Volume 9, Number 4, 2000


Leadership changes in three colleges

Three UD colleges have welcomed new deans over the past 15 months--the colleges of Arts and Science, Business and Economics and Engineering.

College of Arts and Science

Thomas M. DiLorenzo, formerly chairperson of the Department of Psychology at the University of Missouri-Columbia, became dean of the College of Arts and Science on July 1, 1999. The largest of the University's seven colleges, the College of Arts and Science has more than 8,000 full- and part-time undergraduate students, some 1,000 graduate students and 29 departments.

At the University of Missouri, DiLorenzo is credited with greatly strengthening academic productivity, and he played an active role in university-wide initiatives to strengthen academic program quality, enhance multicultural education and extend research, graduate education and grant dollars.

A clinical psychologist with an interest in addictive behaviors, DiLorenzo has received more than $5 million in grants for his research, mostly from the National Institutes of Health. He holds undergraduate degrees from the University of Pittsburgh and master's and doctoral degrees in clinical psychology from West Virginia University.

College of Business and Economics

Michael J. Ginzberg came to the College of Business and Economics in July from the Weatherhead School of Management at Case Western Reserve University in Cleveland.
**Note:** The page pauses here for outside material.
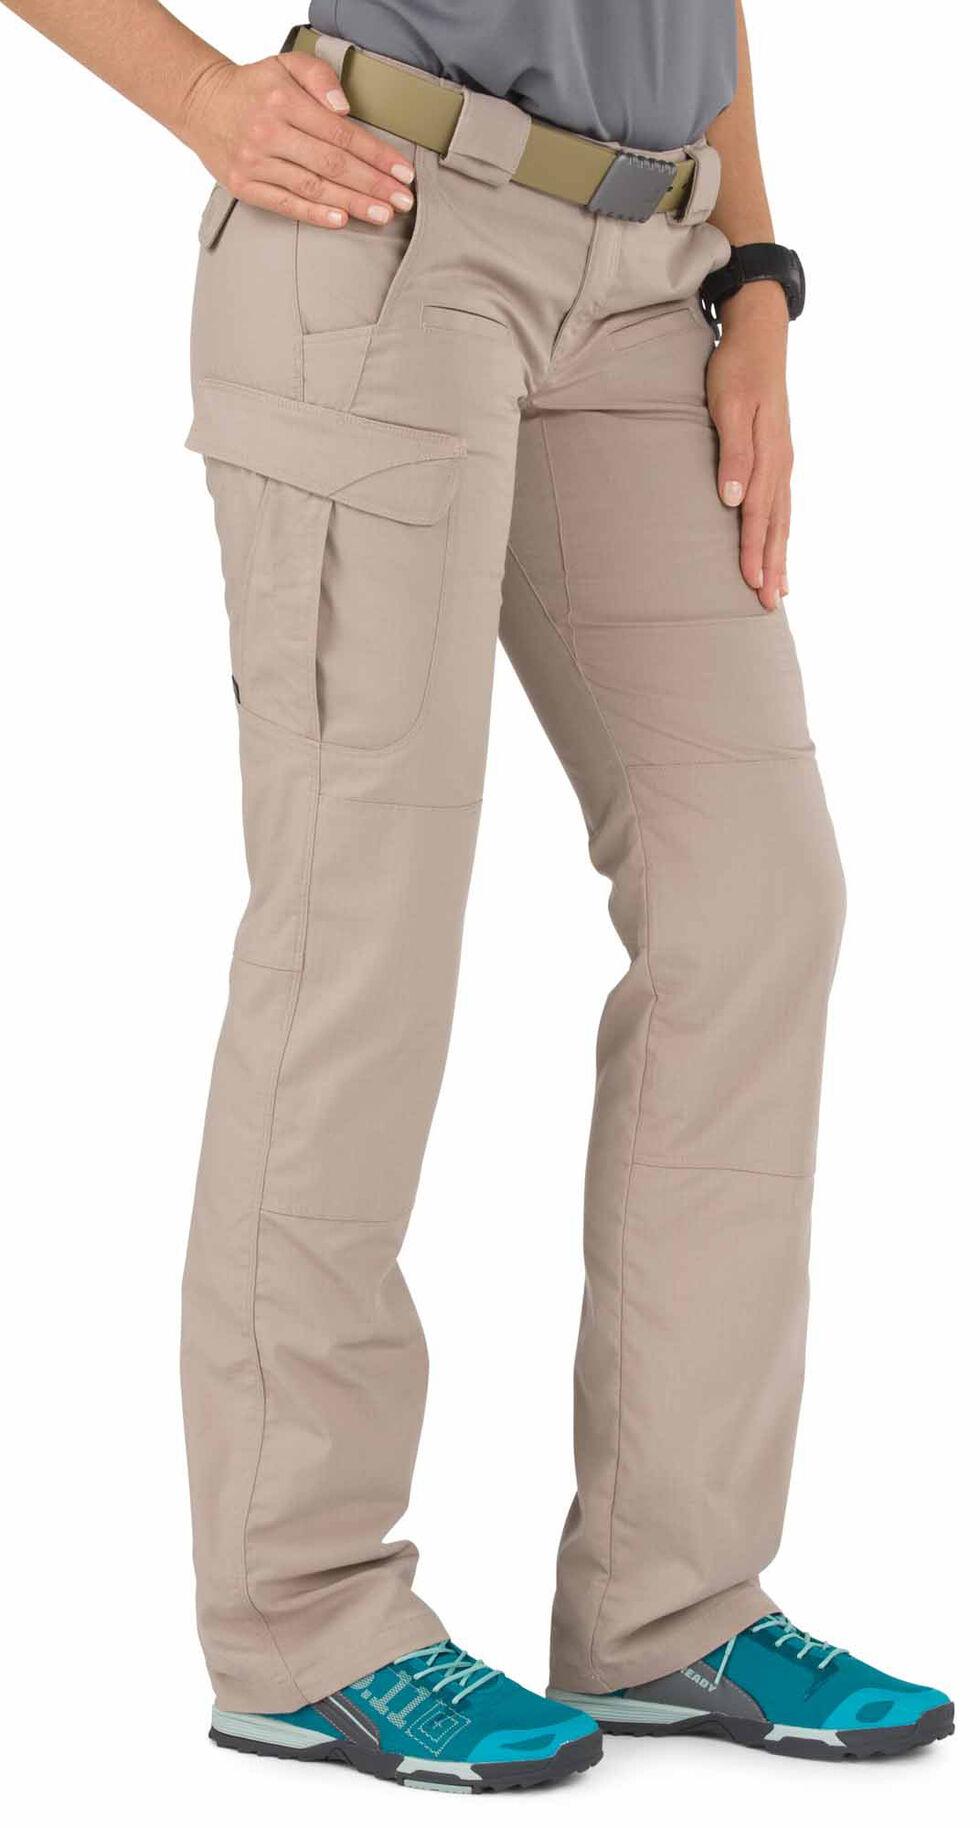 5.11 Tactical Women's Stryke Pants, Khaki, hi-res
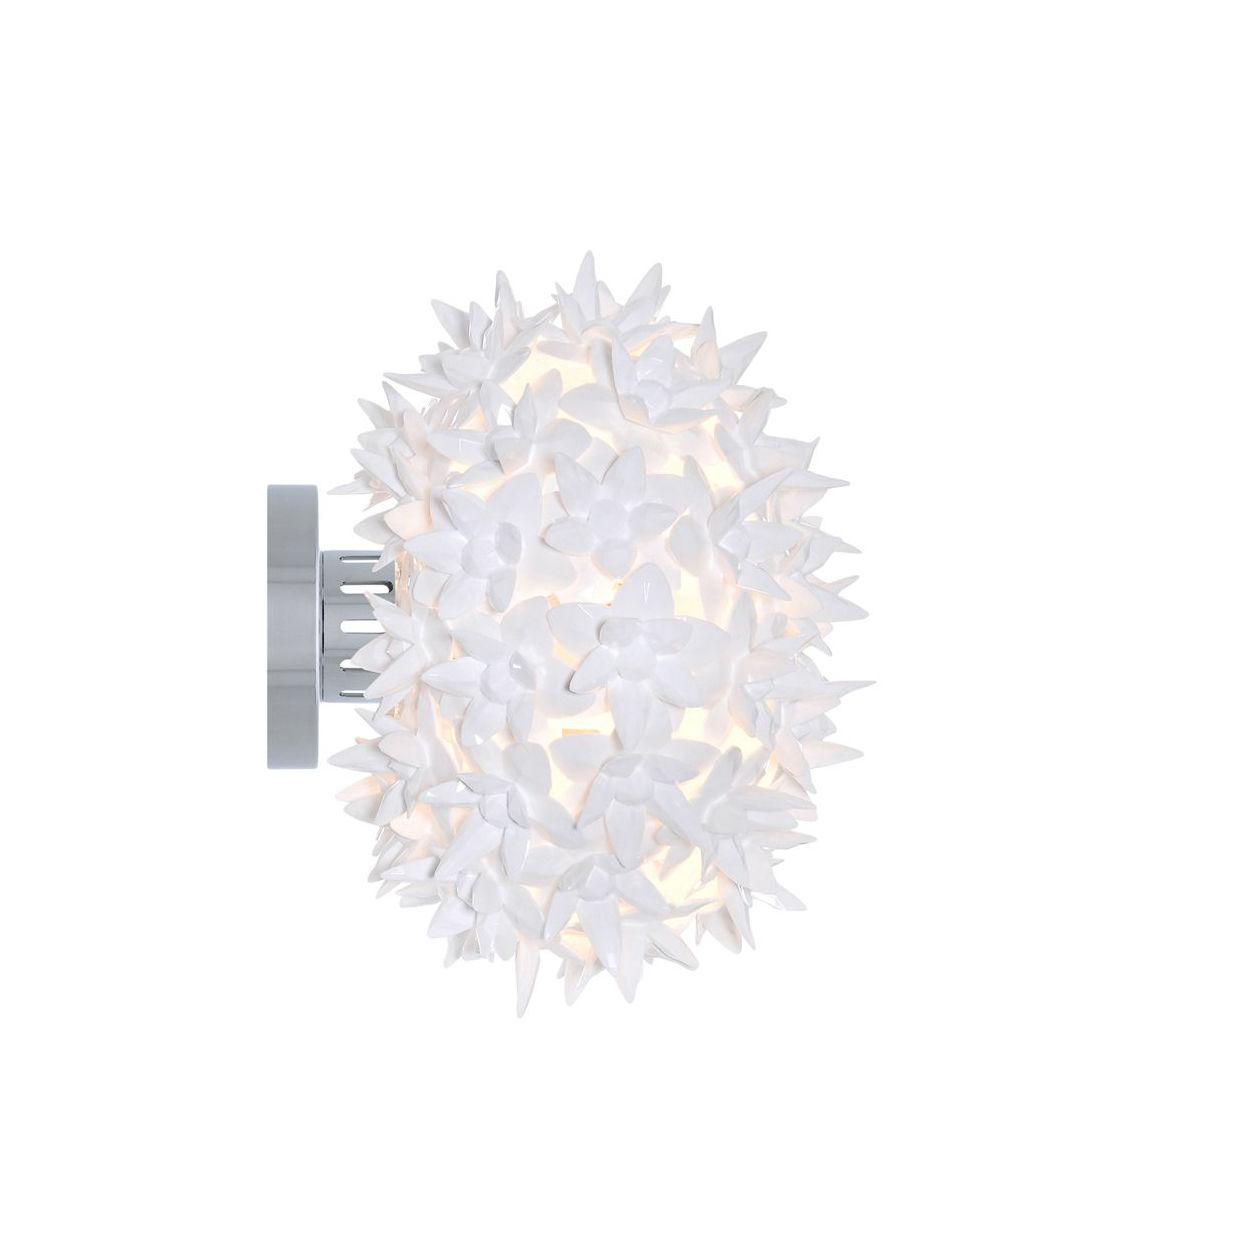 Bloom wandlamp Kartell wit

UD's third largest college has more than 1,900 undergraduate majors in accounting, economics, finance, management, marketing and operations and some 600 students in graduate and executive MBA programs.

Ginzberg, who was named Chaplin Tyler Professor of Business, was professor of management information systems at the Weatherhead School since 1976, serving as the school's associate dean for professional and international programs from 1993.

He says the UD position attracted him because of the potential for growth, particularly in his fields of interest--international programs and information technology.

While at Weatherhead, Ginzberg helped set up collaborative programs with schools in Hungary and Japan and was developing educational alliances with other institutions in Asia and Latin America.

He earned his doctorate in management in 1975 from the Alfred P. Sloan School of Management at Massachusetts Institute of Technology. The author of more than 45 articles and books on information systems development and management, information technology strategy and organizational change, Ginzberg has held leadership positions in various professional organizations.

 

College of Engineering

Former chairperson of UD's Department of Chemical Engineering, Eric W. Kaler, Elizabeth Inez Kelley Professor of Chemical Engineering, was named dean of the College of Engineering, effective July 1.

With an enrollment of 1,447, including 1,011 undergraduates and 436 graduate students, the College of Engineering has five departments--chemical engineering, civil and environmental engineering, electrical and computer engineering, materials science and mechanical engineering. In addition, it has interdisciplinary centers for coastal research, biomedical engineering research, catalytic science and technology, composite materials and molecular and engineering thermodynamics.

Kaler, who chaired the Department of Chemical Engineering since 1996, conducts research on microstructure and materials synthesis properties of complex fluids. He also is involved in investigation of polymerization in complex fluids, colloidal stability and surfactant phase behavior.

The author of approximately 150 papers and holder of seven patents, Kaler is co-editor-in-chief of the international journal, Current Opinion in Colloid and Interface Science. He received a Presidential Young Investigator Award from the National Science Foundation in 1984, the Curtis W. McGraw Research Award from the American Society of Engineering Education in 1995 and the American Chemical Society Award in Colloid or Surface Chemistry in 1998.

A graduate of the California Institute of Technology, he earned his doctorate from the University of Minnesota in 1982, coming to the University of Delaware in 1989.